Primitive Data Types: Characters
Can you figure out what is written in the picture shown above? I will help you out, this is Welcome written is different languages. Try to see how many languages you can identify. You might be wondering what welcome in all these different languages has to do with characters in Java?
Unicode
Java uses Unicode to represent characters. Unicode can represent nearly all languages of the world like English, Hindi, Bengali, Kannada, Arabic, Hebrew, Chinese, Japanese, Greek, Hangul, and the list goes on. Serving content to the user in their native language is very crucial for the success of next generation of Internet applications. You would have experienced it for yourself too that it is becoming more and more easier to create and consume vernacular content in your native language on the Internet. WhatsApp, Facebook, Google, TikTok all these platforms are heavily focussed on supporting local languages of the user. All this is made possible by Unicode. It provides a unique number for every character irrespective of the platform, device, application or language. It has solved the problem of uniformly representing characters across platforms and supporting almost all languages within a singular character set.
char
Characters group has only one primitive data type, char which is used to store a single character. The size of char is 16 bits and it has a range of 0 to 65,536. There are no negative chars.
One thing to note about char is that, char is just like one of the data types of the integer group. In fact, in the formal Java language specification char is referred to as an integral type. What this means is that, you can assign a number to a variable which is of char data type. You can also perform arithmetic operation on it. Sounds a bit confusing? Let’s look at a BlueJ program which should make things clear.
public class IntegralChar
{
public void demoChar() {
char ch1;
ch1 = 65; //65 is the code for capital A
System.out.println("The value of ch1 is " + ch1);
System.out.println("Lets print A-Z");
/*
* We are running this loop 26 times
* as there are 26 english alphabets from A to Z
*/
for (int i = 0; i < 26; i++)
{
System.out.print(ch1);
System.out.print(' ');
ch1 = (char)(ch1 + 1);
}
}
}
Below is the output of this program. Let's go through the program and understand the reasoning behind the output.
The line char ch1;
declares ch1
to be a variable of char
type. In the next 2 lines,
ch1 = 65; //65 is the code for capital A
System.out.println("The value of ch1 is " + ch1);
we assign a value of 65
to ch1
and when we print the value of ch1
, we see that its value is capital A. We assigned 65
to ch1
but it has a value of capital A, what’s happening here?
Remember ch1
is a char
data type. When we assign an integer value to a variable of type char
, Java treats that integer value as a Unicode.
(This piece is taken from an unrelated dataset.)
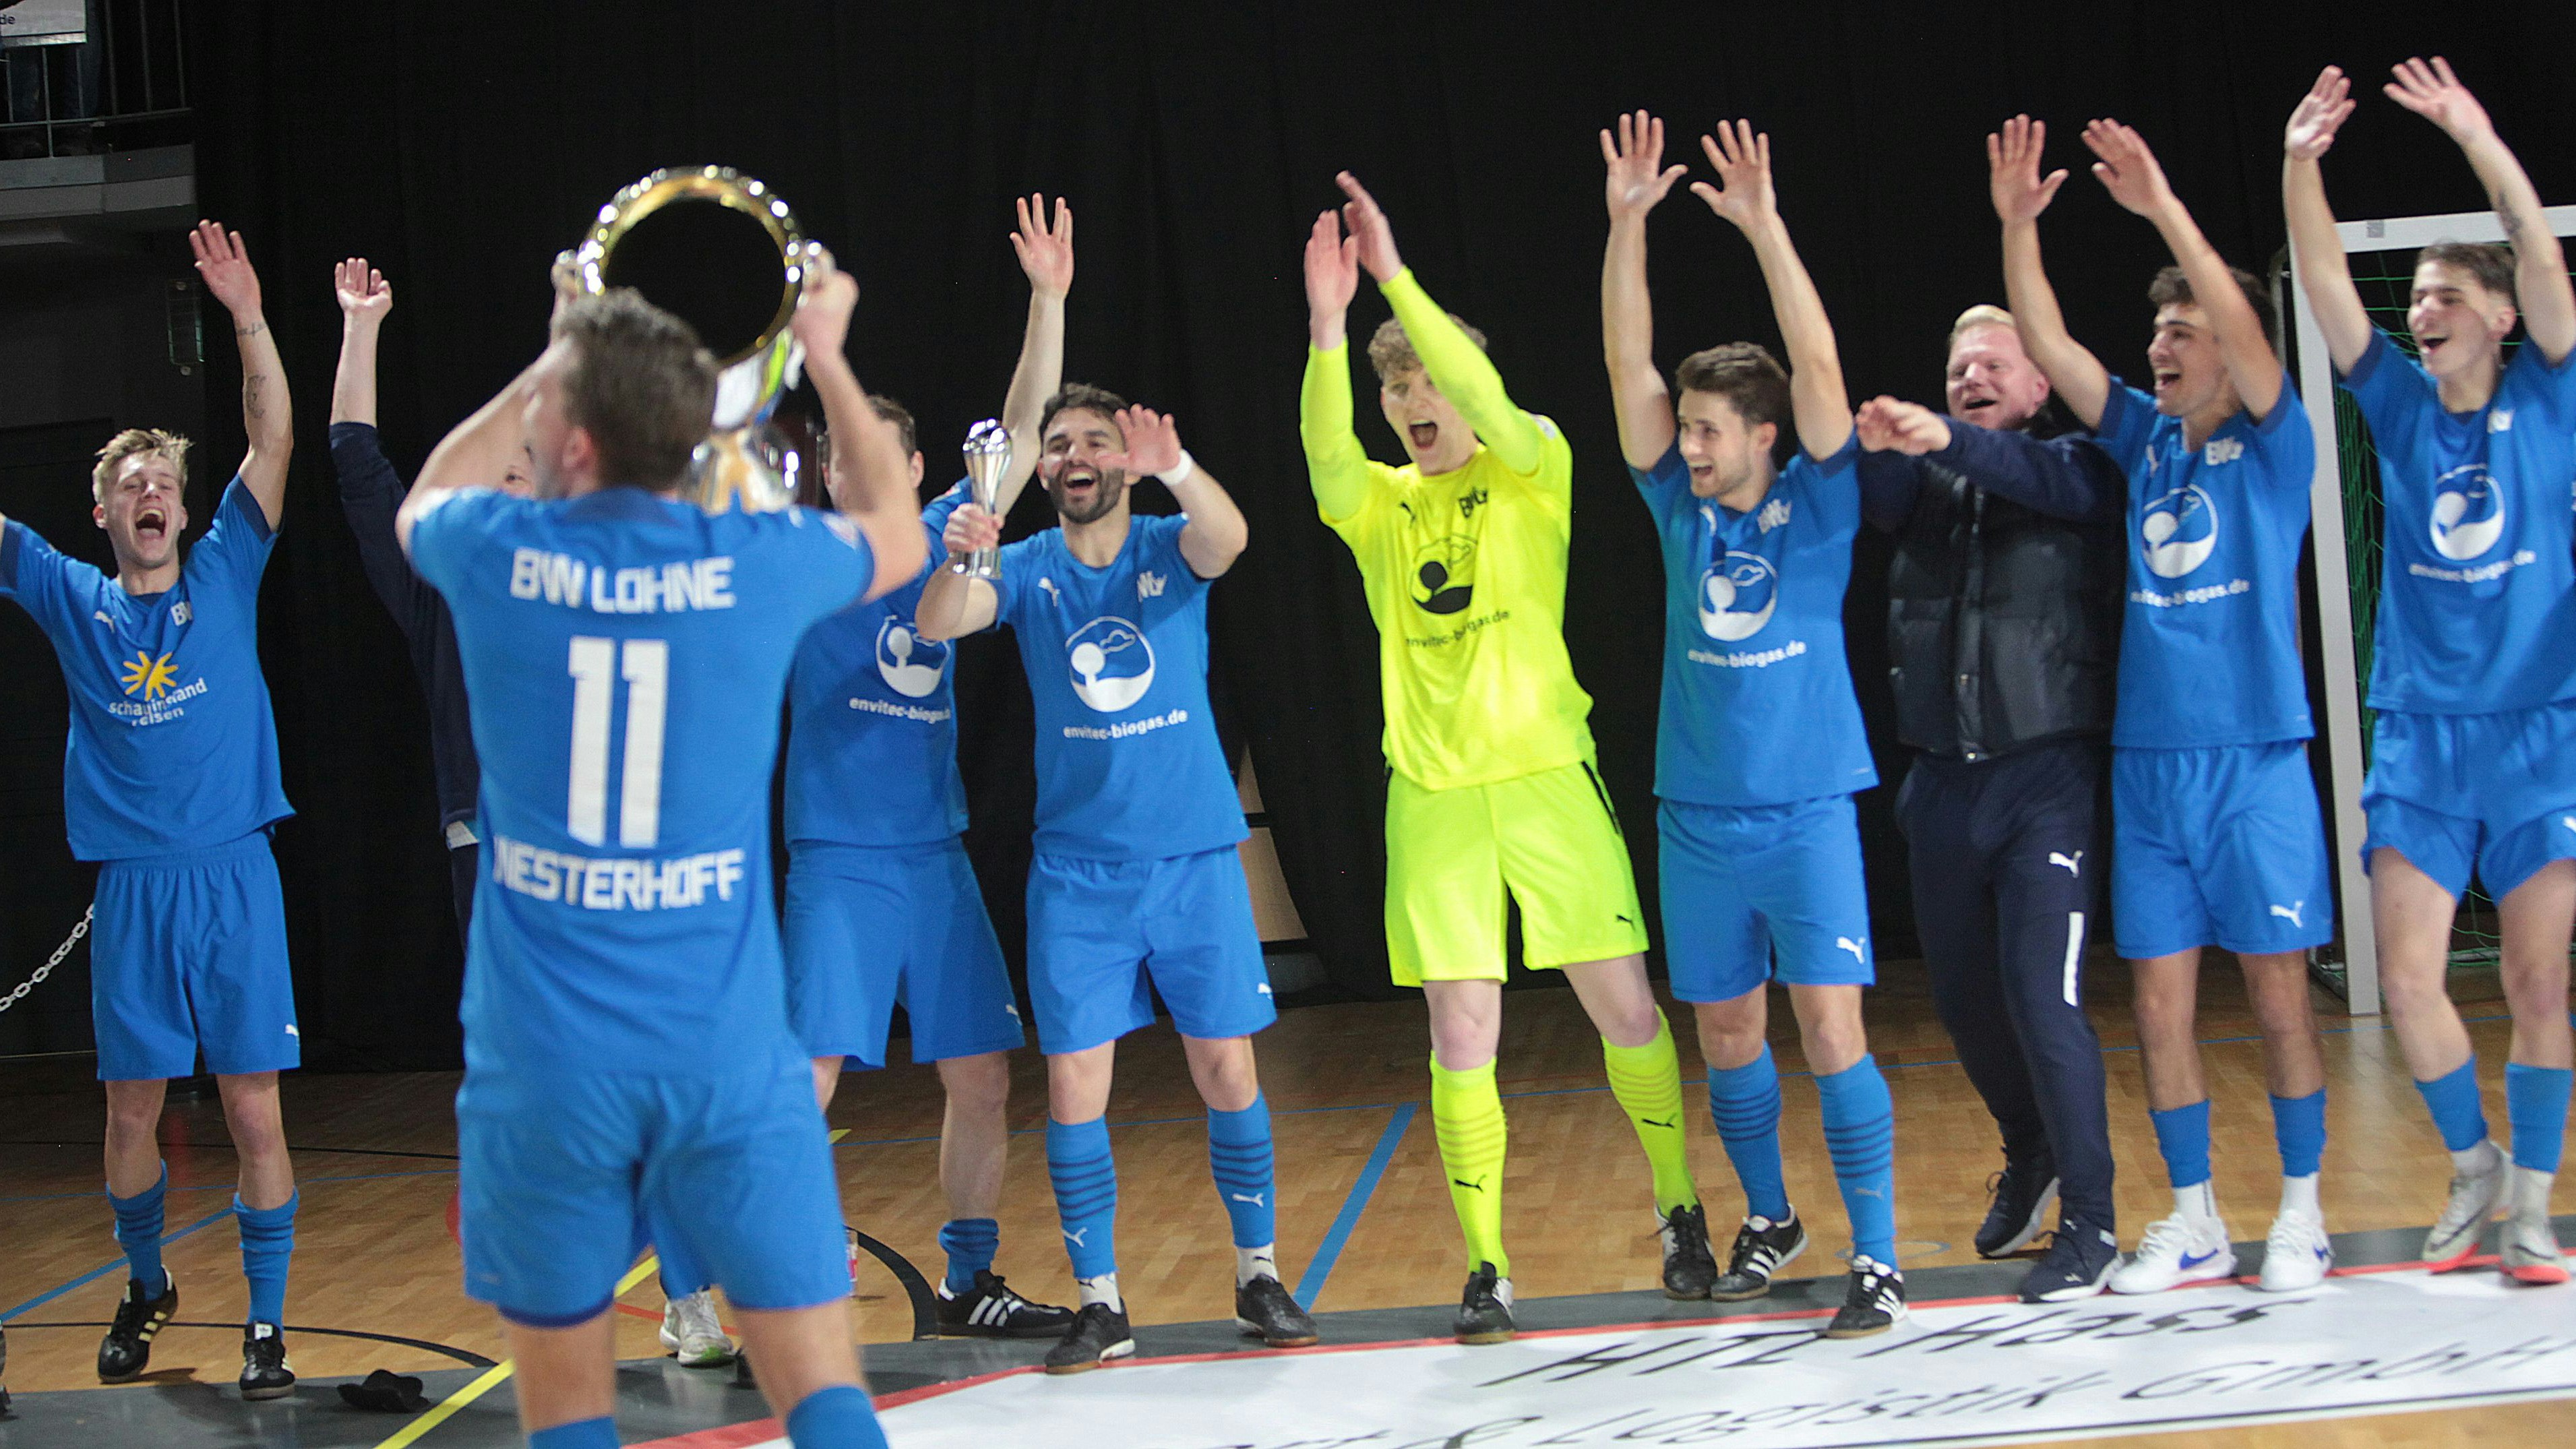 Da ist das Ding! Lohnes Kai Westerhoff präsentiert seinen Teamkollegen den riesigen Supercup. Fotos: Elke Schikora/Frank Wenzel

It will assign the character corresponding to that Unicode as the value of the variable. 65 is the Unicode for A. So when 65 is assigned to ch1
, Java knows that the value of ch1
is the character whose Unicode is 65 which is A. Hence when you print the value of ch1
, A gets printed.
In the next lines of the program,
System.out.println("Lets print A-Z");
/*
* We are running this loop 26 times
* as there are 26 english alphabets from A to Z
*/
for (int i = 0; i < 26; i++)
{
System.out.print(ch1);
System.out.print(' ');
ch1 = (char)(ch1 + 1);
}
we are utilizing the fact that Unicode values of A to Z are in sequence and we can perform arithmetic operations on char
types to print A - Z using a for
loop. We have given ch1
an initial value of Unicode of A. In each iteration of the for
loop we are incrementing the value of ch1
by 1
and printing it. The result is that A – Z gets printed on the screen. For now, just ignore this (char)
mentioned here inside parenthesis in the line ch1 = (char)(ch1 + 1);
. This is a cast operation which we will look at soon in the operators section.